> _About this exercise_
In the material below, find each line holding the string "Foto" and copy it.

> _Working data_
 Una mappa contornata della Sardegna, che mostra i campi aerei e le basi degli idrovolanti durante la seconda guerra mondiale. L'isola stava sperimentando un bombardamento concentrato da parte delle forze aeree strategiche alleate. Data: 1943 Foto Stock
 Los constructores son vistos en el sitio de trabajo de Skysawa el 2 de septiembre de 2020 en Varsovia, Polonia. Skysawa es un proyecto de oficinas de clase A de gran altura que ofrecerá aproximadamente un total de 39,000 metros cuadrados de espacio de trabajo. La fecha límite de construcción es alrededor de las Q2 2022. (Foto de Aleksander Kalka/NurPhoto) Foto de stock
* * *
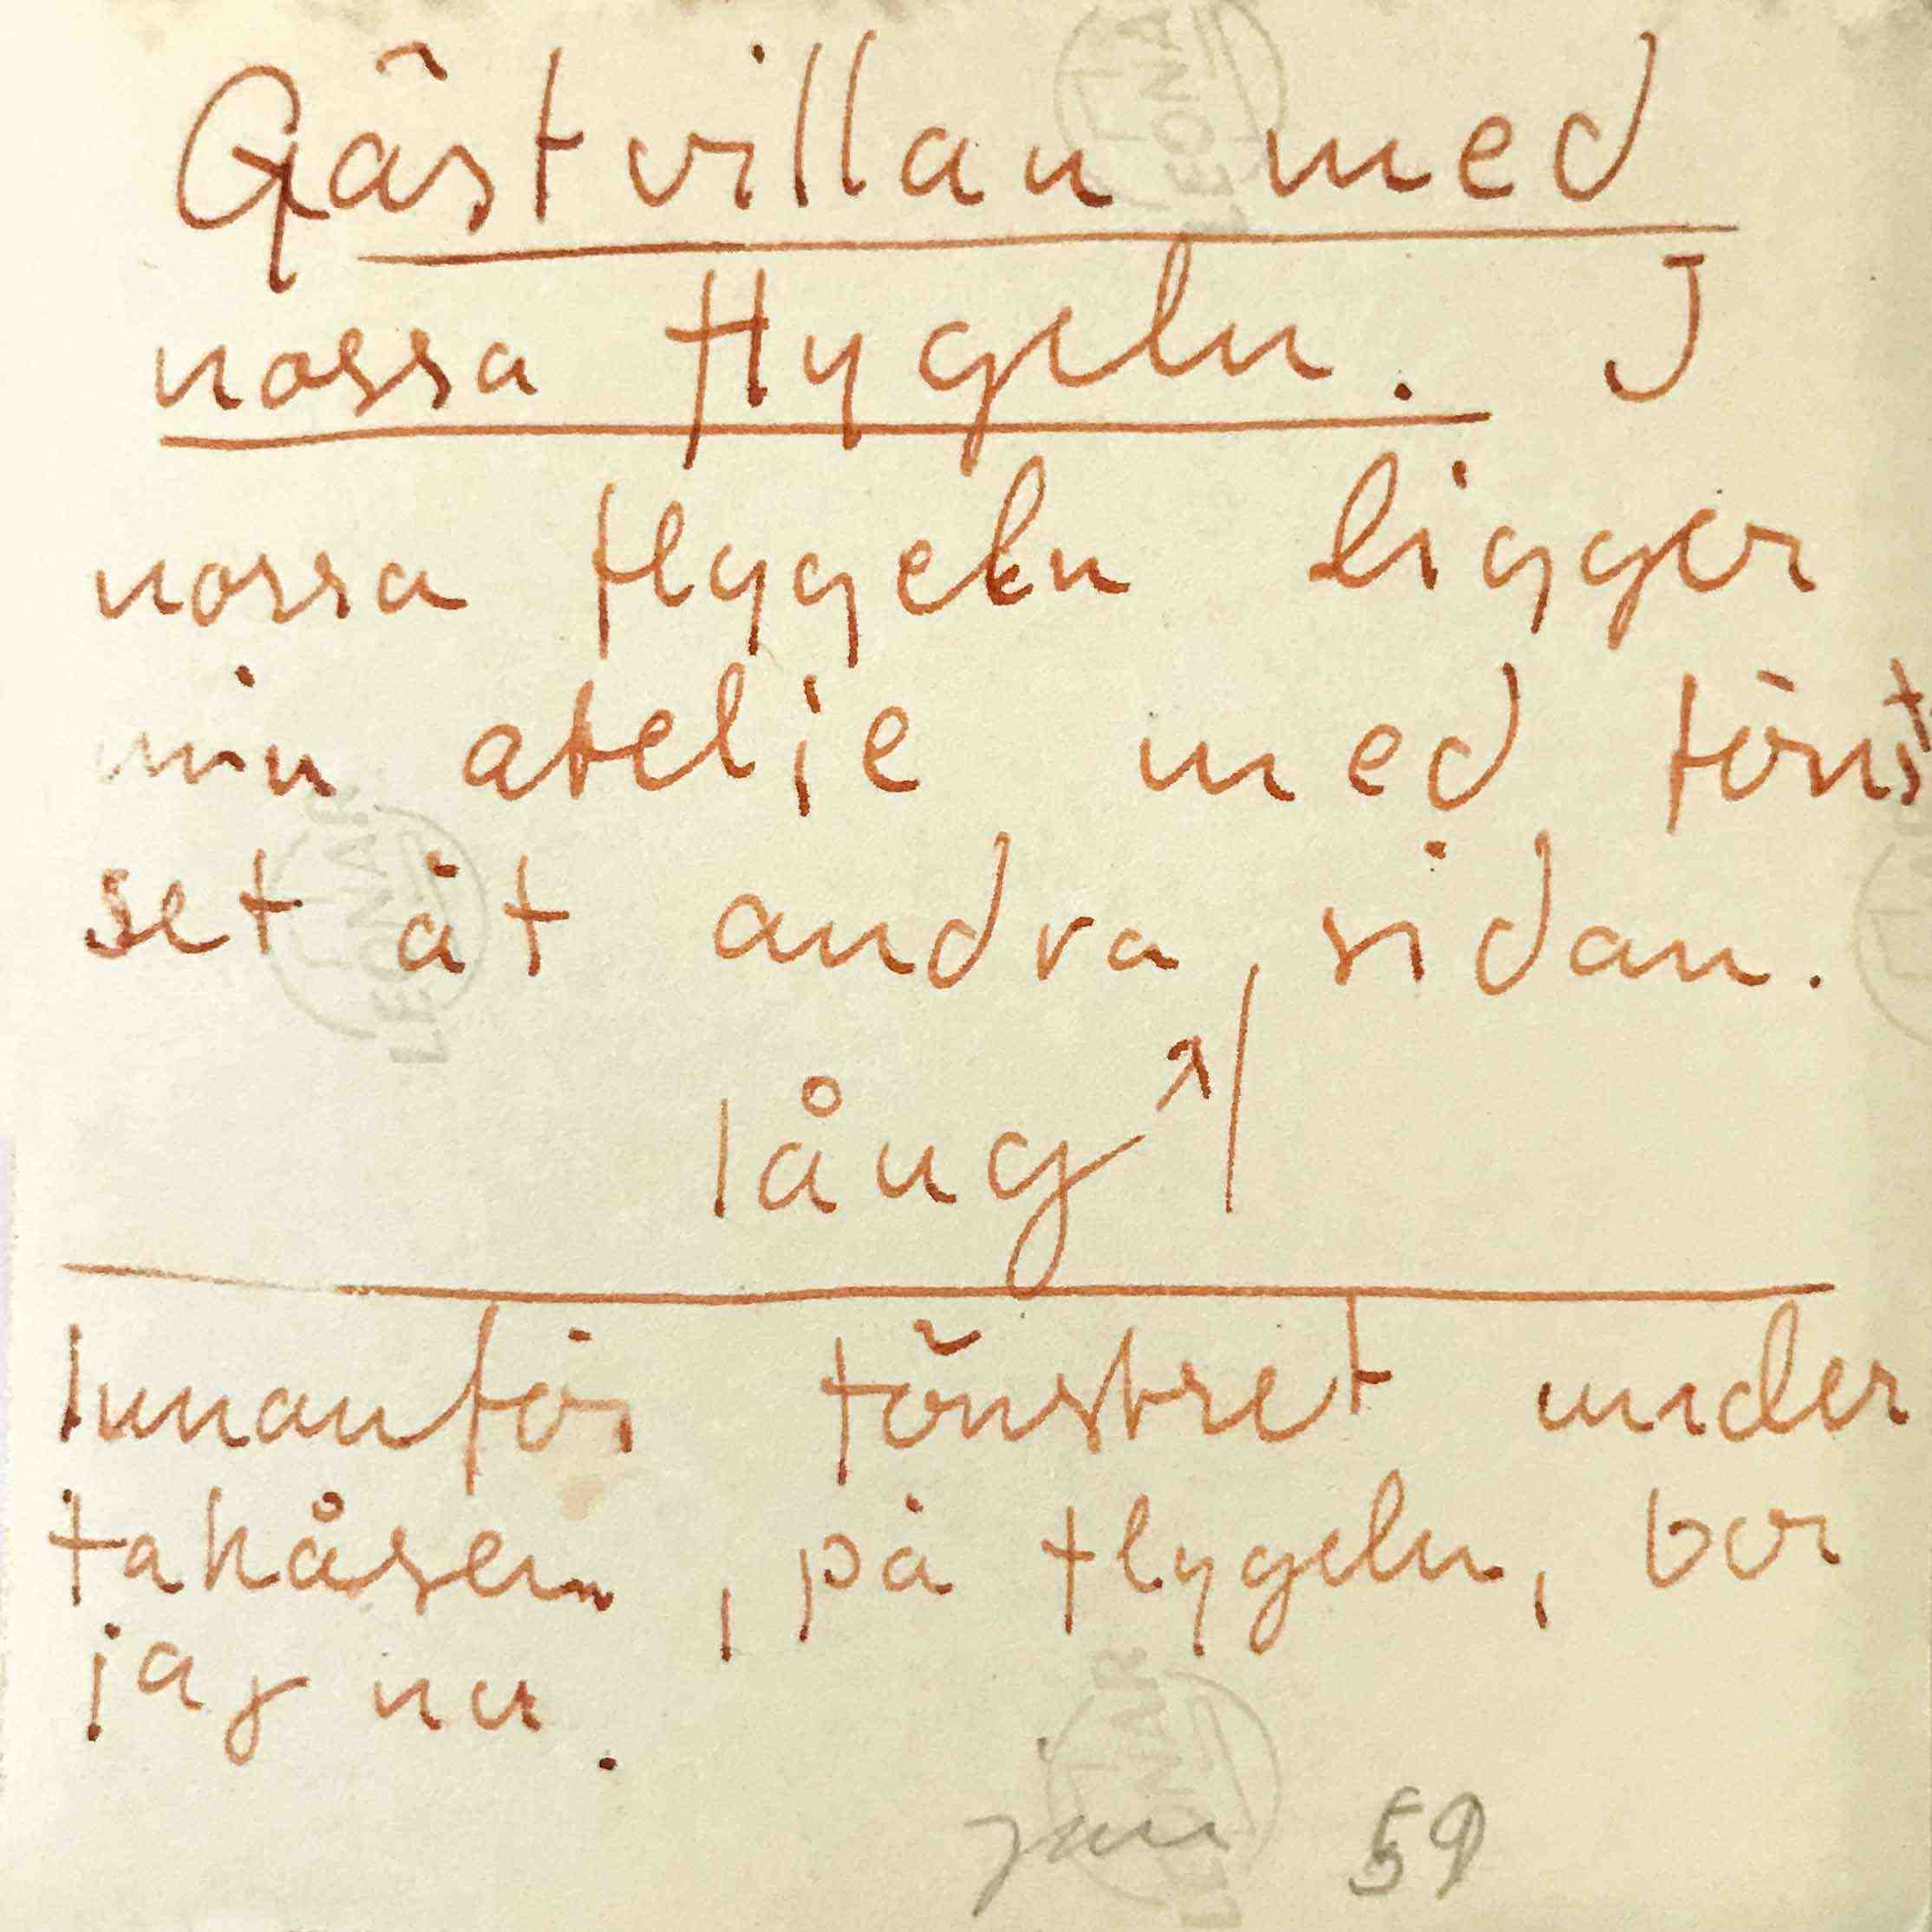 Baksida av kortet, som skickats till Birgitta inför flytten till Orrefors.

> _Solution for this problem_
 Una mappa contornata della Sardegna, che mostra i campi aerei e le basi degli idrovolanti durante la seconda guerra mondiale. L'isola stava sperimentando un bombardamento concentrato da parte delle forze aeree strategiche alleate. Data: 1943 Foto Stock
 Los constructores son vistos en el sitio de trabajo de Skysawa el 2 de septiembre de 2020 en Varsovia, Polonia. Skysawa es un proyecto de oficinas de clase A de gran altura que ofrecerá aproximadamente un total de 39,000 metros cuadrados de espacio de trabajo. La fecha límite de construcción es alrededor de las Q2 2022. (Foto de Aleksander Kalka/NurPhoto) Foto de stock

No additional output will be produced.